Confidenze di un sacerdote sull'ottava di Pentecoste

Il lunedì di Pentecoste, un sacerdote molto amico mio —tanto che non ha segreti per me— mi parlava con un misto di gioia e malinconia, nel tono sereno di chi non discute per vincere, ma ricorda con amore. Durante tutta questa settimana, mi diceva, nel celebrare la Santa Messa e nel recitare l’Ufficio Divino dell’ottava di Pentecoste, provava una gratitudine intima difficile da spiegare a chi non l’abbia mai vissuta.

«Non sai —mi diceva— cosa significhi svegliarsi ogni mattina e sentire che la Chiesa continua a respirare Pentecoste; che il Fuoco non si è spento; che lo Spirito Santo non è passato fugacemente sul mondo come una raffica liturgica di un solo giorno, ma che la Chiesa, come buona madre, vuole indugiare amorosamente nel mistero».

E aggiungeva, con dolore fraterno:

«Mi rattrista che l’immensa maggioranza dei sacerdoti e delle monache si privino oggi di una ricchezza spirituale incomparabile. Mi risulta incomprensibile che proprio la festa che corona tutto l’anno liturgico abbia perso la sua ottava! Perché l’antica liturgia romana comprende che i grandi misteri non possono essere celebrati di sfuggita. La Chiesa ha prolungato per otto giorni, per secoli, la Pasqua di Natale, quella della Resurrezione fiorita e quella di Pentecoste, sapendo che l’anima ha bisogno di indugiare nella phase, il passaggio di Dio. Non c’è fiore senza frutto; se Pentecoste è la Pasqua Granata, il raccolto splendido della Pasqua Florida, l’ottava è il raccolto del frutto maturo di quel mistero».

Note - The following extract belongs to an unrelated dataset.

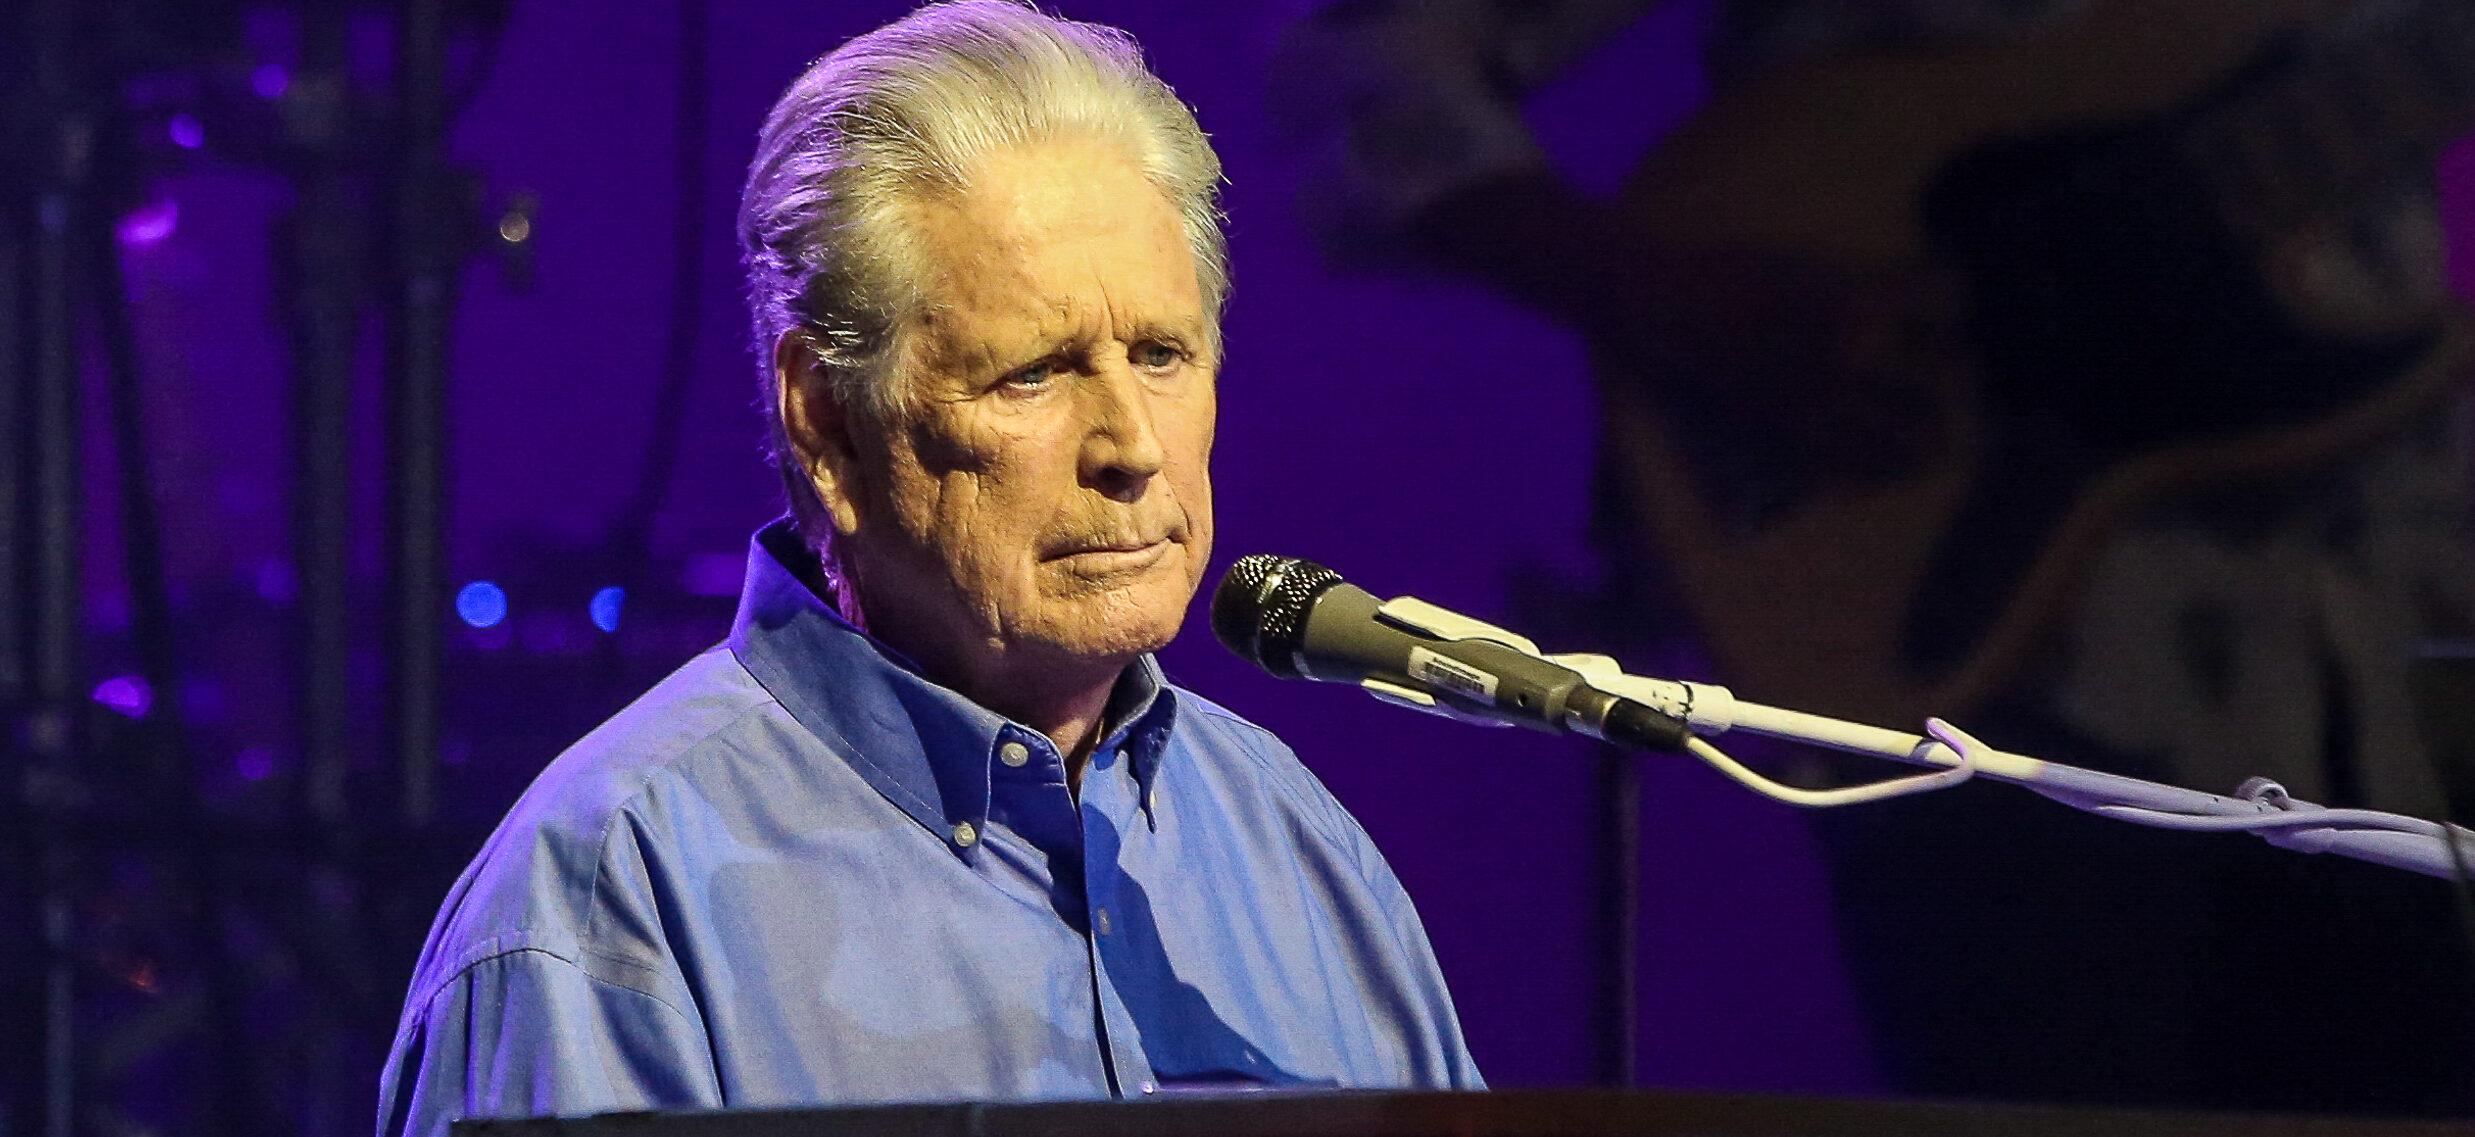 ‘Beach Boys’ Brian Wilson Suffering From Dementia, Team Files For A Conservatorship

Otto giorni sotto il fuoco del Paraclito

Mi parlava poi il mio amico della bellezza di questi giorni liturgici. E mi sembrava di ascoltare il mormorio dolce degli antichi cori monastici, il passo silenzioso dei monaci verso i mattutini notturni, il suono grave del gregoriano che saliva nella penombra.

«È tutta la Chiesa —mi diceva— che vive in chiave pneumatologica! La Santa Messa conserva quotidianamente il Gloria, il Credo, l’alleluia gioioso di Pentecoste, il Te Deum nell’Ufficio. Le antiche tempora di Pentecoste, il mercoledì, venerdì e sabato, aggiungono profondità ascetica a questa settimana, ma non con il tono austero e marcatamente penitenziale delle tempora di Avvento o di Quaresima. Qui la penitenza appare bagnata dalla gioia. Tutto respira gratitudine per l’effusione dello Spirito Santo. Sono giorni in cui la Chiesa digiuna con la bocca piena di alleluia».

E allora cominciò a portarmi testi di vari giorni dell’ottava. Li ricordava quasi a memoria.

«Accéndat in nobis Dóminus ignem sui amóris et flammam ætérnæ caritátis.» «Che il Signore accenda in noi il fuoco del suo amore e la fiamma dell’eterna carità».

Proseguiva: «Factus est repente de cælo sonus, tamquam advenientis spiritus vehementis.» «Di colpo venne dal cielo un rumore come di vento impetuoso».

Subito dopo: «Repleti sunt omnes Spiritu Sancto, alleluia: et cœperunt loqui.» «Tutti furono ripieni dello Spirito Santo, alleluia, e cominciarono a parlare».

Poi apriva il messale per le tempora e continuava a leggere: «Caritas Dei diffusa est in cordibus nostris per inhabitantem Spiritum eius in nobis.» «La carità di Dio è stata effusa nei nostri cuori per mezzo dello Spirito che abita in noi».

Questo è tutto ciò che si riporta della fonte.